5 Replies Latest reply on Dec 8, 2011 8:09 AM by antzrhere

    finding median in array

      Finding median in an array so which sorting algorithm is suitable

      Given an Unsorted Array , I want to find out median of array without sorting an array or partially sorting an array  with minimum possible complexity using Opencl .Should I use Parallel bubble sort and partially sort the array to get median or any other method.Plz suggest me as early as possible.:):):)

        • finding median in array

          array is of around 500000 elements....

            • finding median in array

              Intuitively it would surprise me if there is a way to do this without extracting all the information you would require from a sort. You need the data conceptually ordered and the only way to get that order may be to sort. Rather than implement your own algorithm I would think that the best thing would be to use a fast sort and then extract from that data set. 

            • finding median in array

              You are looking for an algorithm called "median of medians", there is an article in Wikipedia. I'm not aware of any GPU-accelerated implementations, unfortunately. If you can afford to copy the array to the host, C++ STL algorithm "nth_element" will locate the median in O(N) time.

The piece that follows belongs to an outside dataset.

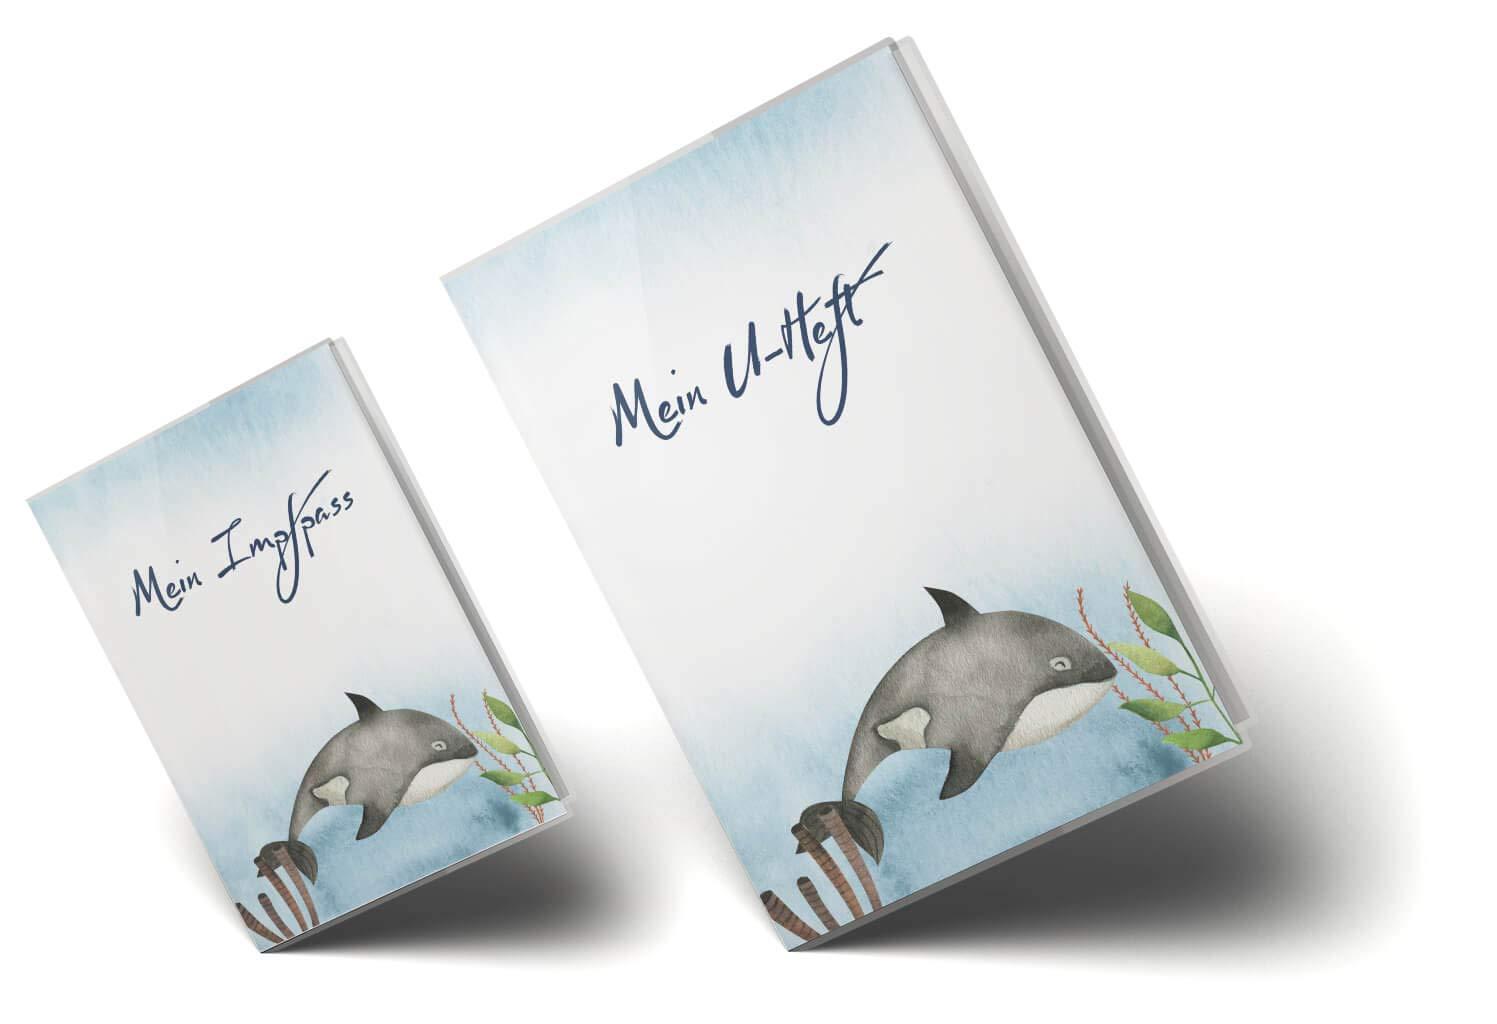 U-Heft H/ülle SET Walfisch Untersuchungsheft H/ülle /& Impfpassh/ülle Schwangerschaft Geschenkidee personalisierbar mit Namen U-Heft Set 3-teilig, Blauwal

                • finding median in array

                  To find a *good approximation* of a median you could do it this way:


                  run through all values once (0-500000) and get the minimum and maximum value (range if your data).

                  Now use a 1D array (size 'n'  - I'll explain size later) where the first element represents the min value and the last element represents the max value. zero all elements.

                  Run through all the values again (0-500000) and increment the array element that the value falls within.

                  i.e. Array[ ((value-minvalue) / (minvalue-maxvalue+epsilon)) * arraysize]++;

                  (This can be easily optimised to get rid of division and other ALU).

                  Now read through Array[] (0-'n'), adding up the values as you go along UNTIL you reach 500000/2. This is the region of space where your median is located. To improve things a little bit you could interpolinate between adjacent array values  when you reach the median.


                  Concerning what array size to use, the larger the array size, the better likelyhood that the calculated median is closer to the actual median (improved resolution). Essentially your just defining a range where the median is located somewhere within. To improve the accuracy (make the range smaller) increase the array size. Of course if your data sample has a very large range, but most values are clustured very close together then you will need a large array size to getter approximation of the median.


                  ..you can also use this to estimate lower and upper quartile by this method.